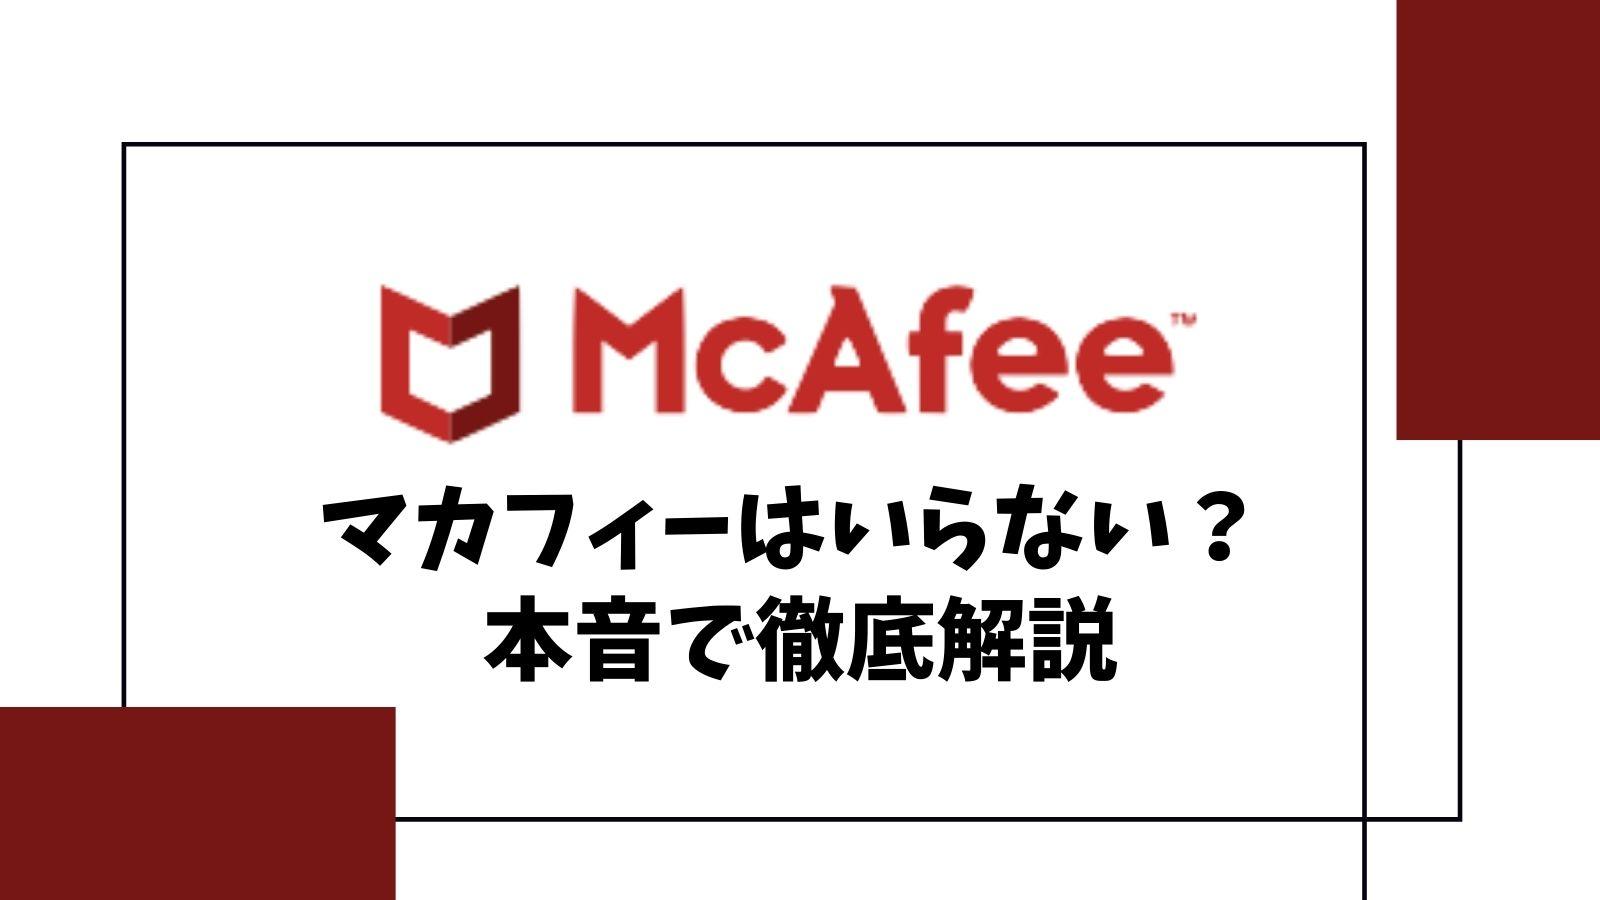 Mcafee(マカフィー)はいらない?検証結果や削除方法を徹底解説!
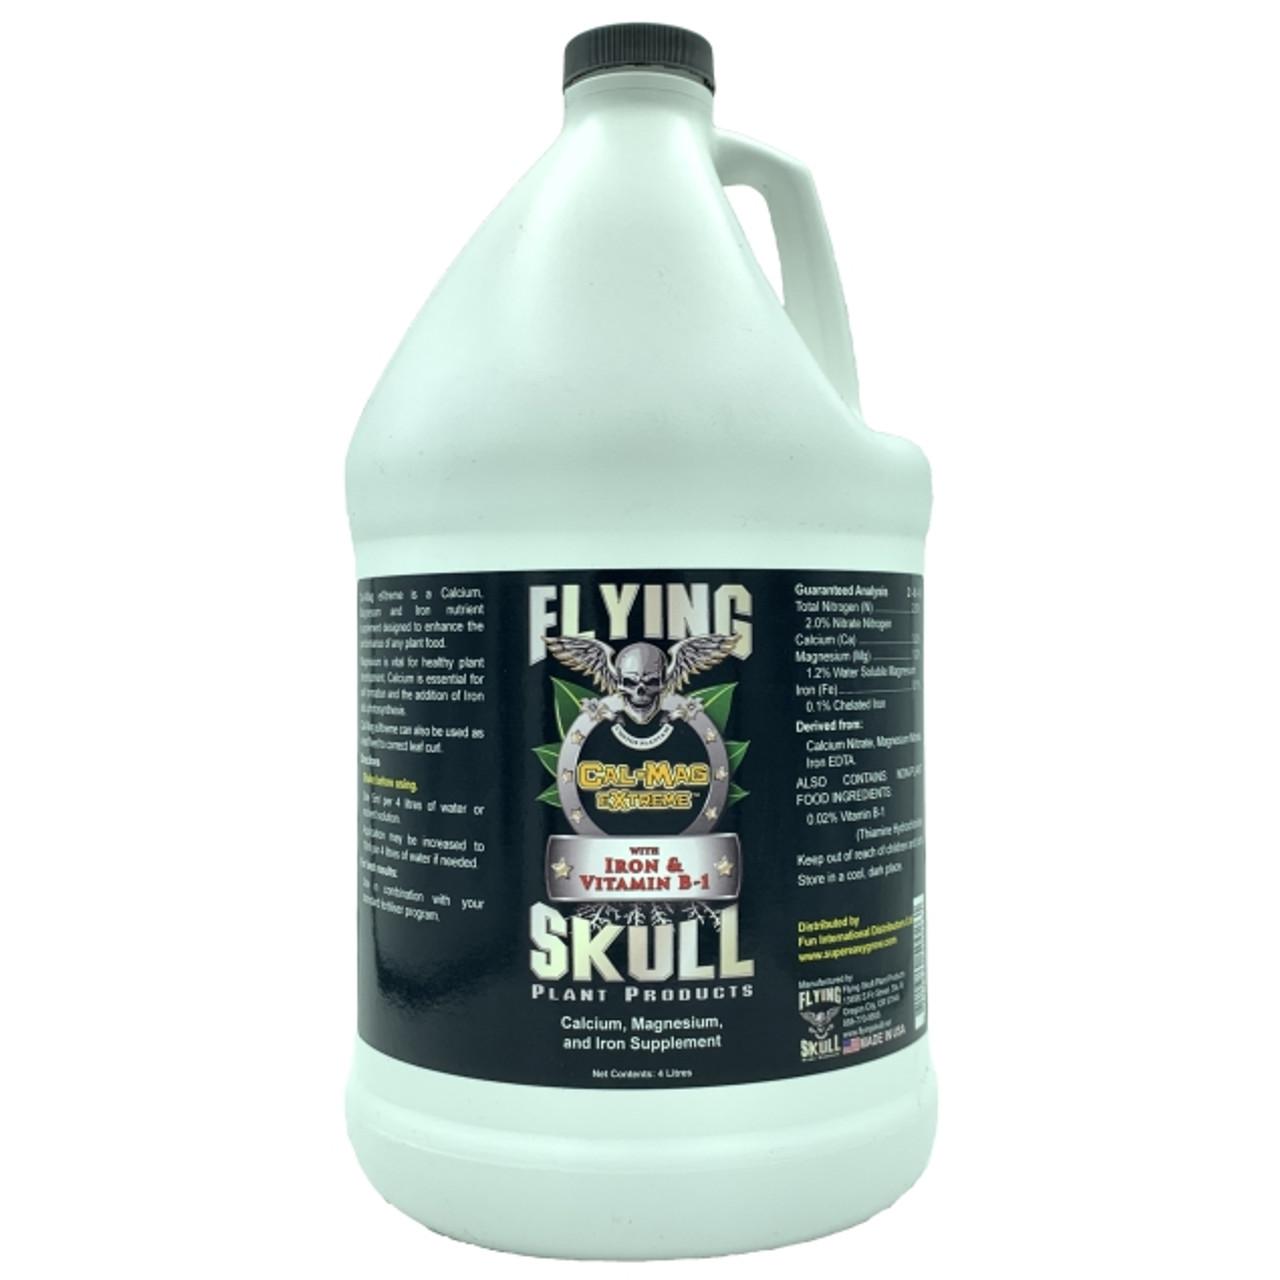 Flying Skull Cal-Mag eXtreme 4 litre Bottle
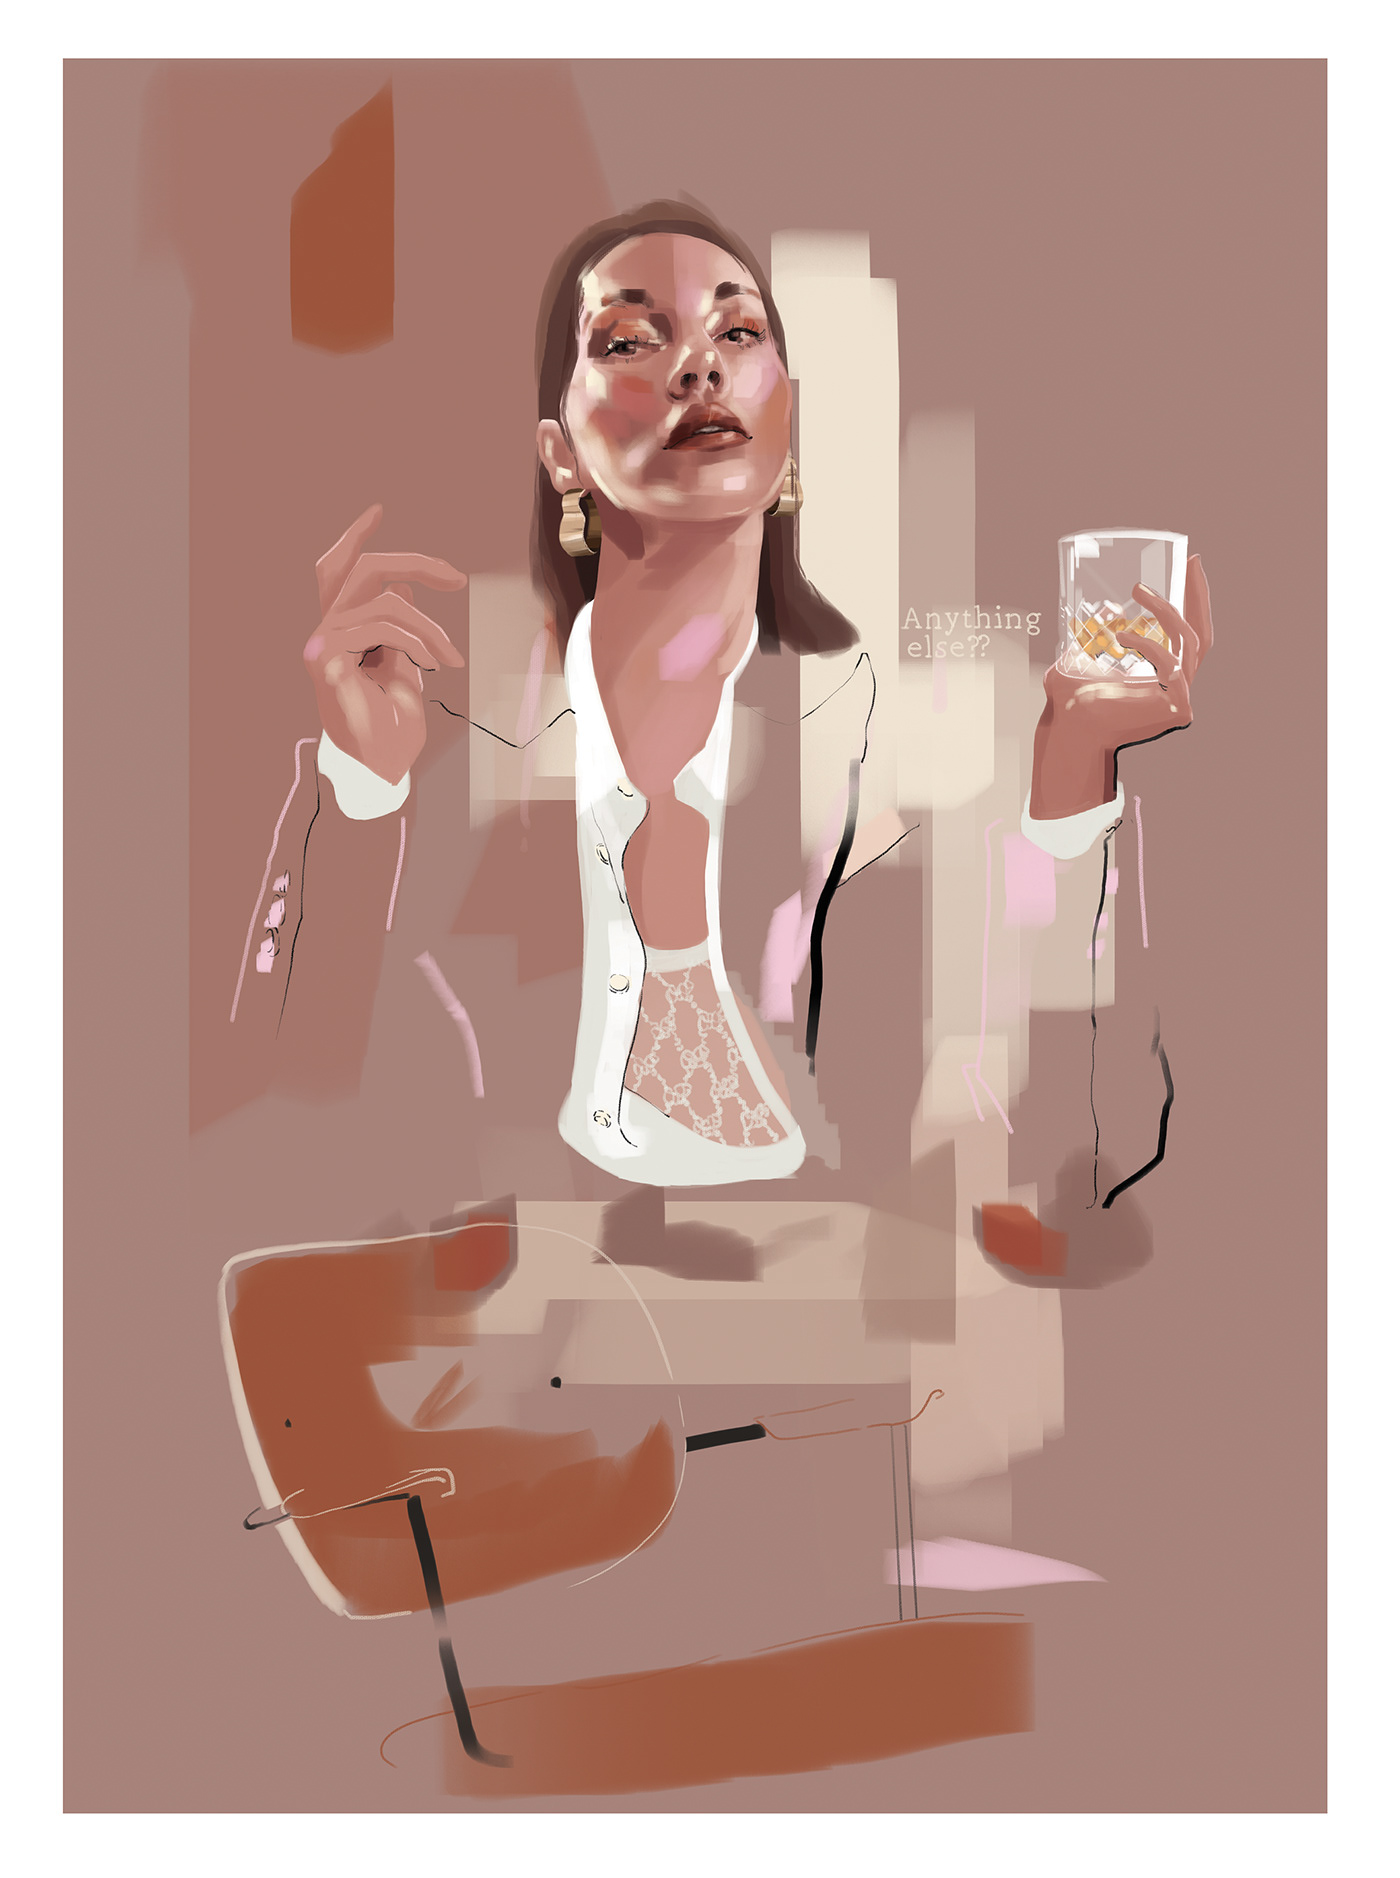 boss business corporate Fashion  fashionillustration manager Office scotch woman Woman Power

━━━━━━━━━━━━━━━━━━━━

→ YOUR GOAL
Nothing but the pictures is to be left out; the rest of the listing should be copied exactly.

→ RESULT OF THE TASK
 Mcafee(マカフィー)はいらない?検証結果や削除方法を徹底解説!
 Flying Skull Cal-Mag eXtreme 4 litre Bottle
 boss business corporate Fashion  fashionillustration manager Office scotch woman Woman Power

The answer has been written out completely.